New plays are, of course, central to our repertory since they come from the very time of our lives, and funds to produce them are at the moment more available than for other needs. Foundations have their cycles as do styles in fashion. But the world classics must remain alive in the present for our contribution to be complete. We are as we were and always will be, and deep truths about our misplaced love, our lust, our foolishness, cruelties, hunger for power, and dread of death are imbedded in these great plays, which turn their faces to us as the world turns. I so deeply believe this, I can’t imagine myself with a repertory that discards the classics as passé or doesn’t explore how cultures other than our own view the human experience.
This is such a bigger conversation I don’t want to get too deep into it.
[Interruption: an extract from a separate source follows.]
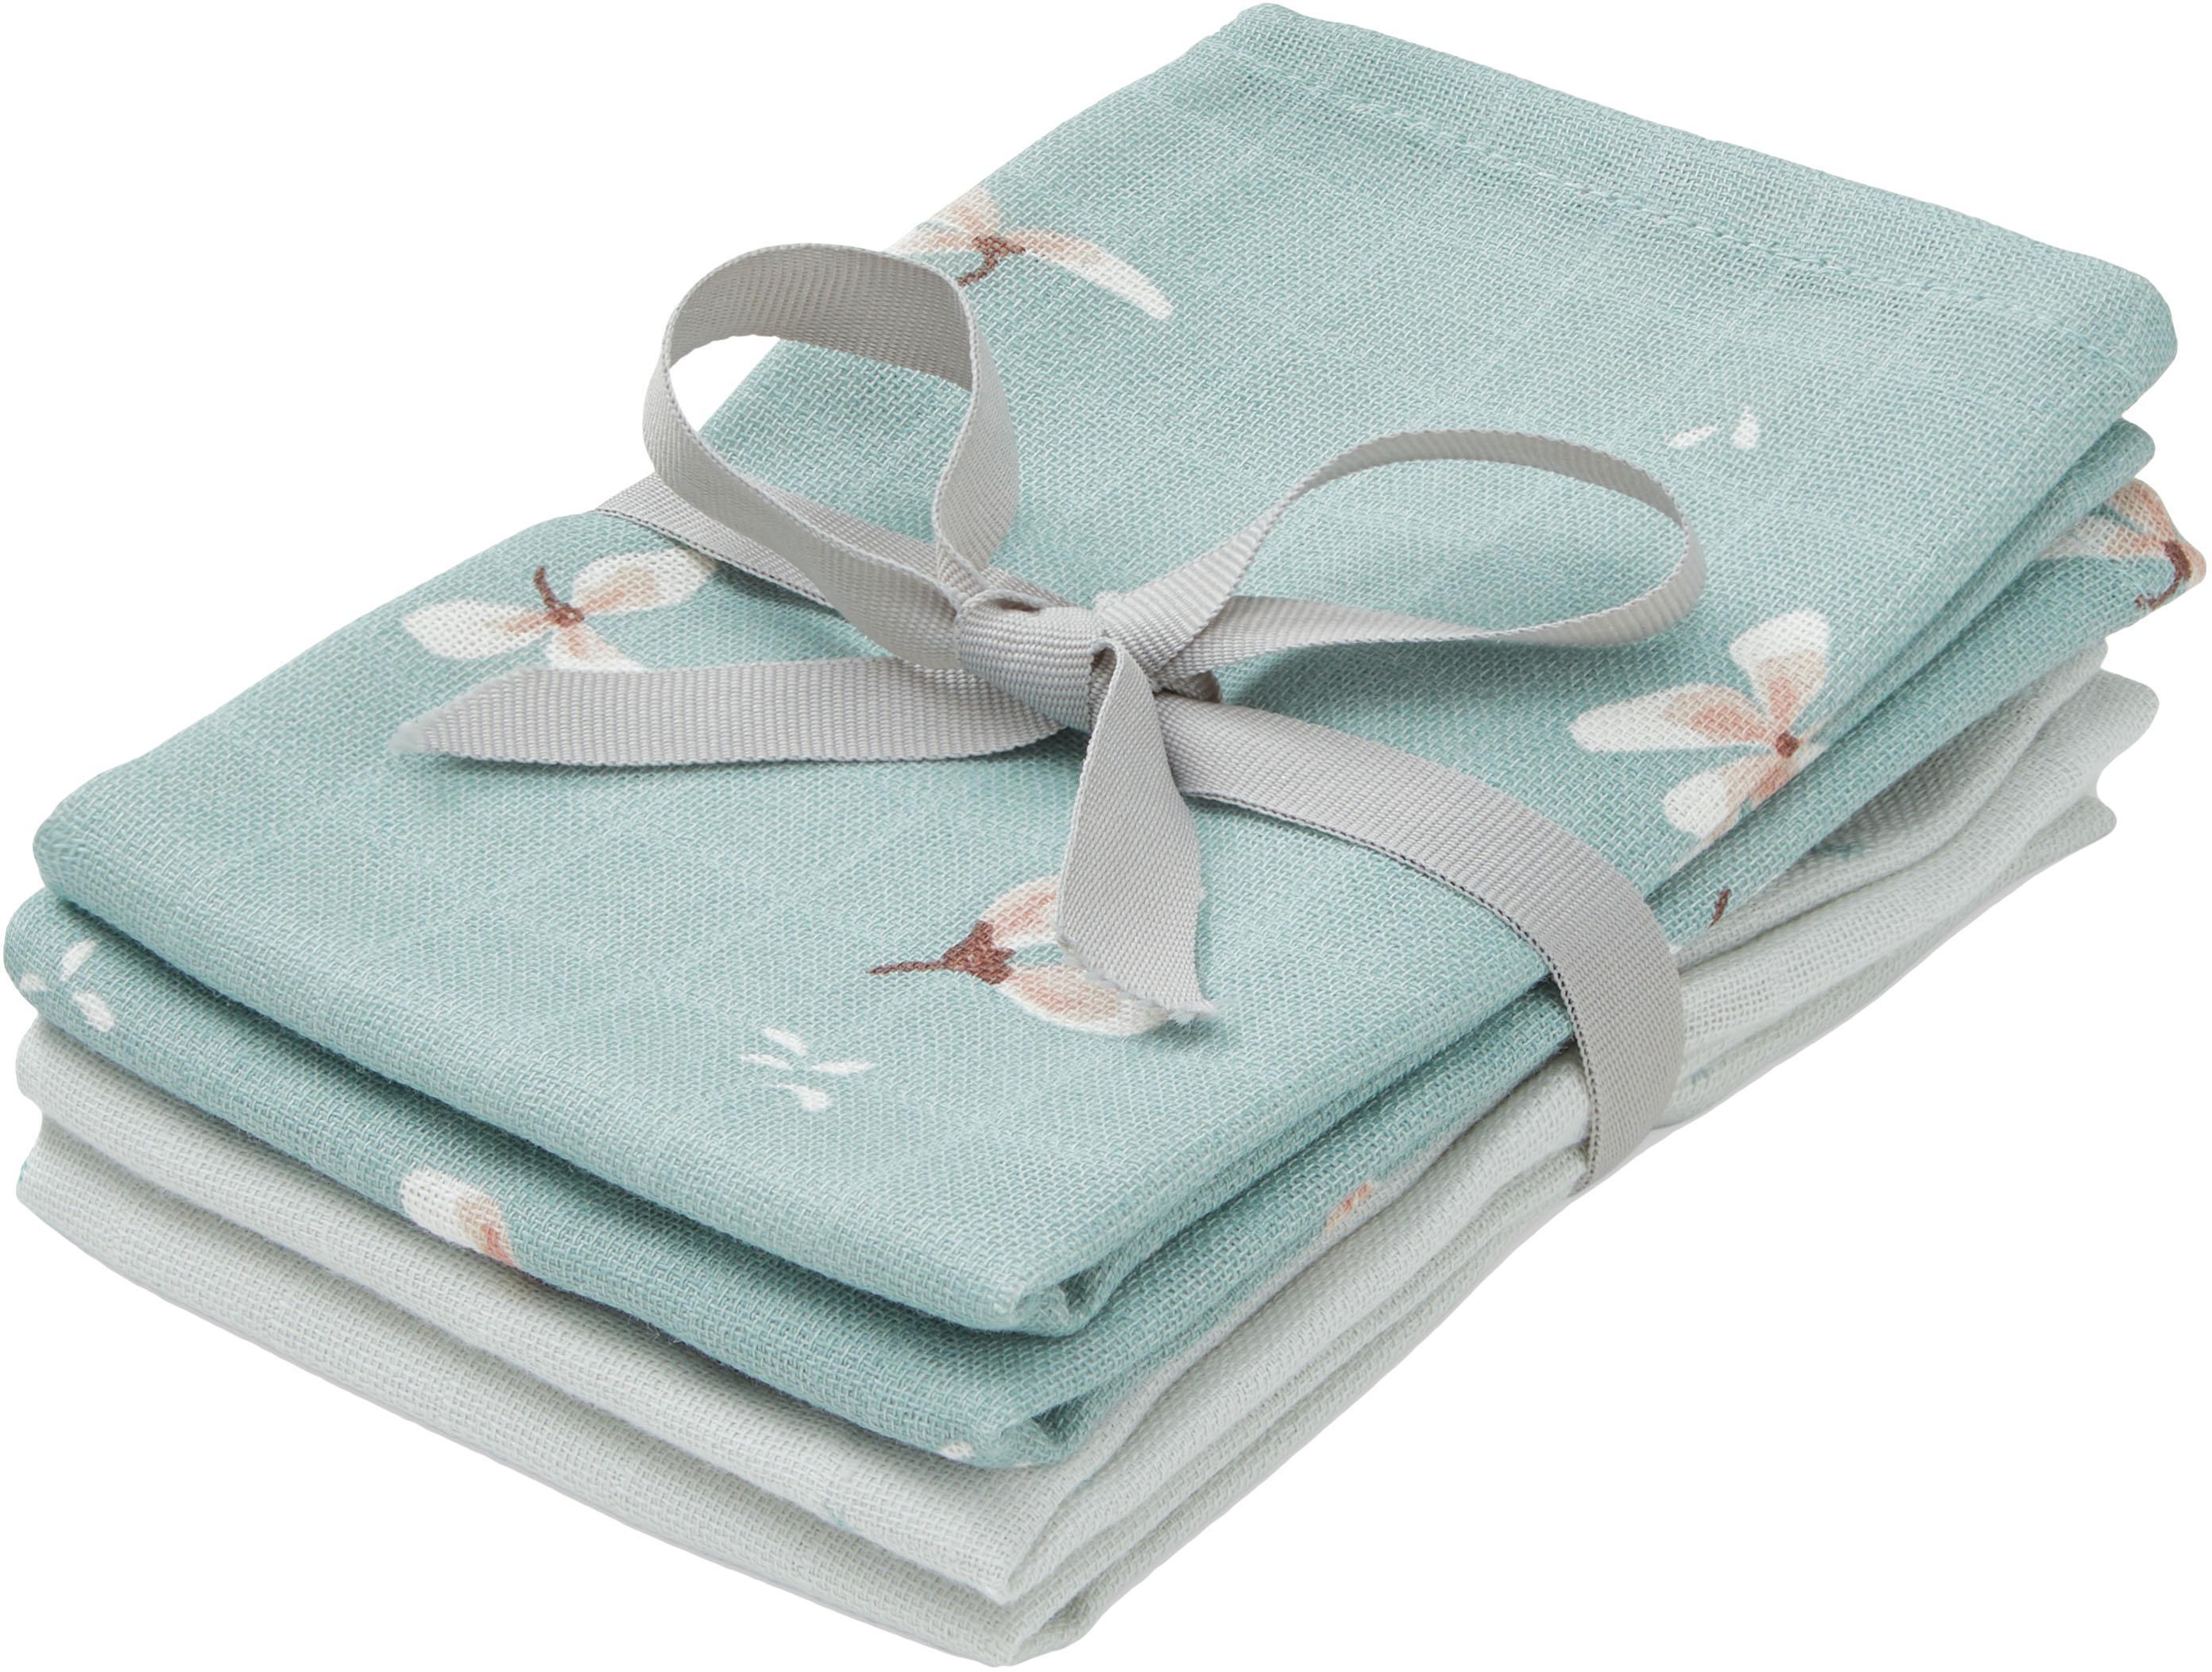 Set de toallitas de tela de algodón ecológico Wildflower, 4pzas., 100%algodón ecológico, certificado GOTS, Azul claro, crema, gris, rosa, An 30 x L 30 cm

But let’s just say we don’t necessarily hold the same view on the classics as one another. I think they’re important, but I also think they have the right to die if that’s what needs to happen at any given moment.
If that is so, I ask this question: could it be, in part, that the imaginative scale of our work is bowing to meet the budget’s needs? If so, we must not let it happen that way. We must remember that—within reason, within the outer borders of possibility—the risk must be taken because we are in love with the project
I think, especially at larger regional theatres this is true. Like I said at first, amazing theatre can be made very cheaply. What I see happening more often than not is when you suddenly have a huge budget, imagination goes out the door for spectacle and for the real thing. Of course this isn’t always the case, but often, in my personal experience at least.
I appreciate the regional theatre model. I think it’s done some great things up till now. I also think it needs to change. I think it will change. Like any revolution, there needs to be an inciting incident, and just as broadway money making was part of what fueled Ms. Fichandler, regional theatre money making is part of what will fuel the next generation.